This summer saw Pitacs Limited celebrate – albeit in a safe and distanced fashion – its 30th birthday. Back in 1990, Pitacs entered the UK market with Ultraheat, offering a range of mild steel panel radiators. From panel radiators, Ultraheat branched out, introducing heated towel rails and then expanding into designer radiators in both mild steel and aluminium. Today, Ultraheat is one of the UK’s premier heating brands, and reliably offers the largest in-stock range of radiators and towel rails in the country.
Pitacs’ Heating Division has built its reputation by focusing on two key principles: quality and availability. The latter proved particularly crucial to the company’s endurance and against-the-odds success during the pandemic months, and in July, contributed to Pitacs’ best ever month of sales.
“We want to thank all our customers for their continued support over this period, which was certainly not without its challenges,” comments Saffet Kalender, Director and co-founder of the company. “For Ultraheat, our Sofi, Tilbrook and Linear ranges have always been our best sellers, but other lines, such as our Triple Compacts, have also really come into play during the recent period.”
The Government’s Green Homes Grant, which subsidises homeowner purchases of heat pumps and solar thermal technology, has significantly boosted sales of Ultraheat’s Triple Compact radiators, whose design is well suited to work with renewable technologies, which tend to heat water to slightly lower temperatures.
“Our Triple Compacts are perfect to use with an air source heat pump or biomass boiler,” explains David Cartwright, National Sales Manager for Pitacs’ Heating Division. “The bigger surface area of these large radiators creates a high overall heat output, heating the space effectively even when the temperature of the water flowing into the radiator is a bit lower.”

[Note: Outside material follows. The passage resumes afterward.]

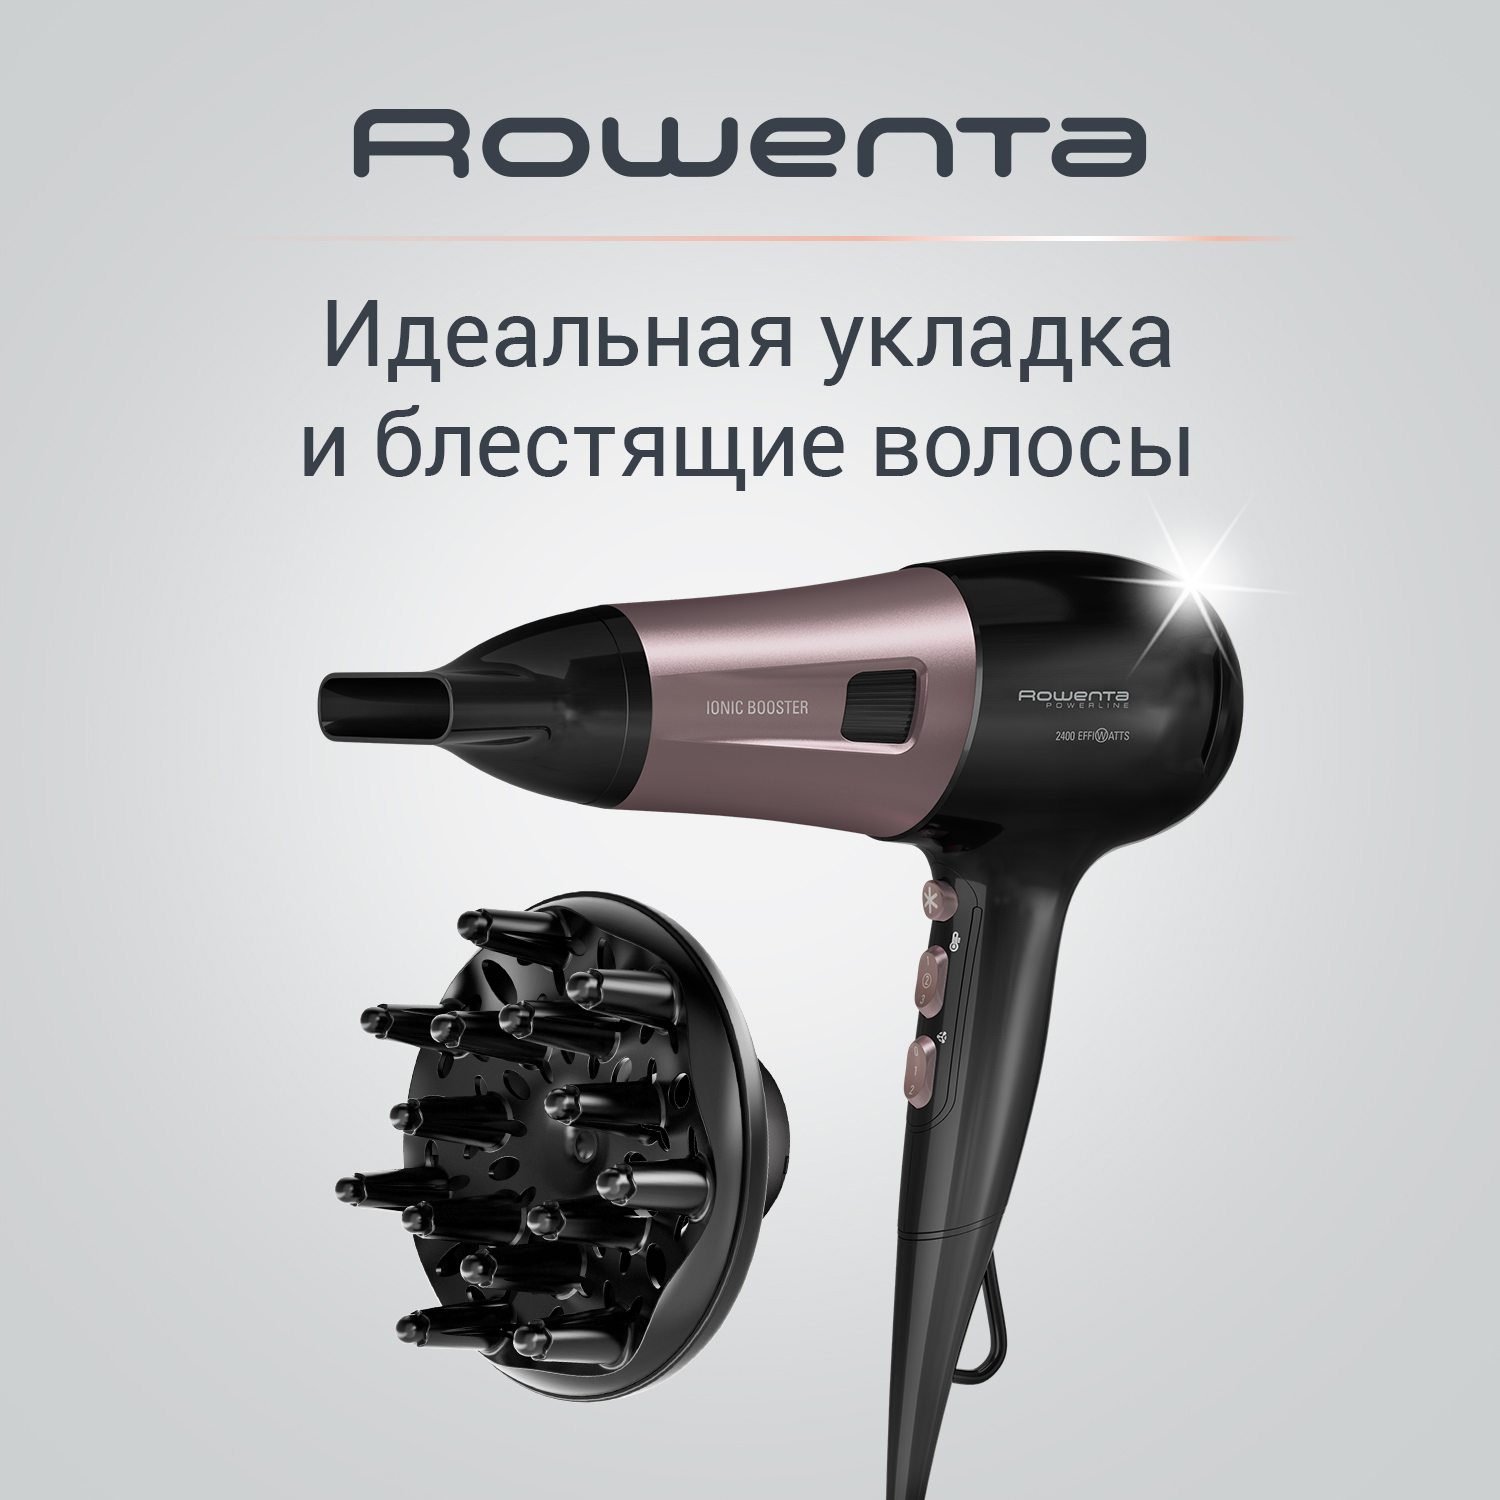 Фен Rowenta CV5940F0 2400 Вт черный, розовый фен powerline cv5940f0

Of course, the period has also seen interruptions to ‘business-as-usual’ orders, and both these peaks and troughs have led to challenges in forecasting supply.
“Some of our customers are experiencing ongoing delays to almost all their major projects; until these start, they won’t take stock from us. Others have, in one order, bought up lines of stock we would normally sell over the course of a month, across our whole market,” says Cartwright.
Whilst established customer relationships have weathered the storm well, generating new business is proving more challenging. With social distancing measures firmly in place, representatives have largely lost the ability to conduct face-to-face meetings with new contacts.
“This industry is largely built on face-to-face, relationships,” affirms Cartwright. “We are having to rethink almost every aspect of the way we work. Every meeting must be pre-planned, we are having to do a lot more online. Even down to handouts; you can’t just pass over the odd brochure as it becomes relevant to the conversation, it all has to be sent digitally now.”
The company has made strategic investments in its market offering, to interest new and existing customers alike, and is pushing ahead with the launch of a new product line of fully electric, heated towel rails, which offer a heating solution for spaces which have no immediate access to an existing water supply. The new towel rails are pre-filled with heat transfer liquid and fitted with a compatible heating element.
“We want to give our customers wider choice in what they present to the market,” says Kalender. “With the Electric Towel Rails, all that’s required from the customer’s space is a standard electrical outlet. And there are a good range of finishes too – not just a standard White or a modern Chrome, but Antique Copper and Brass; something a bit different for the bathroom space.”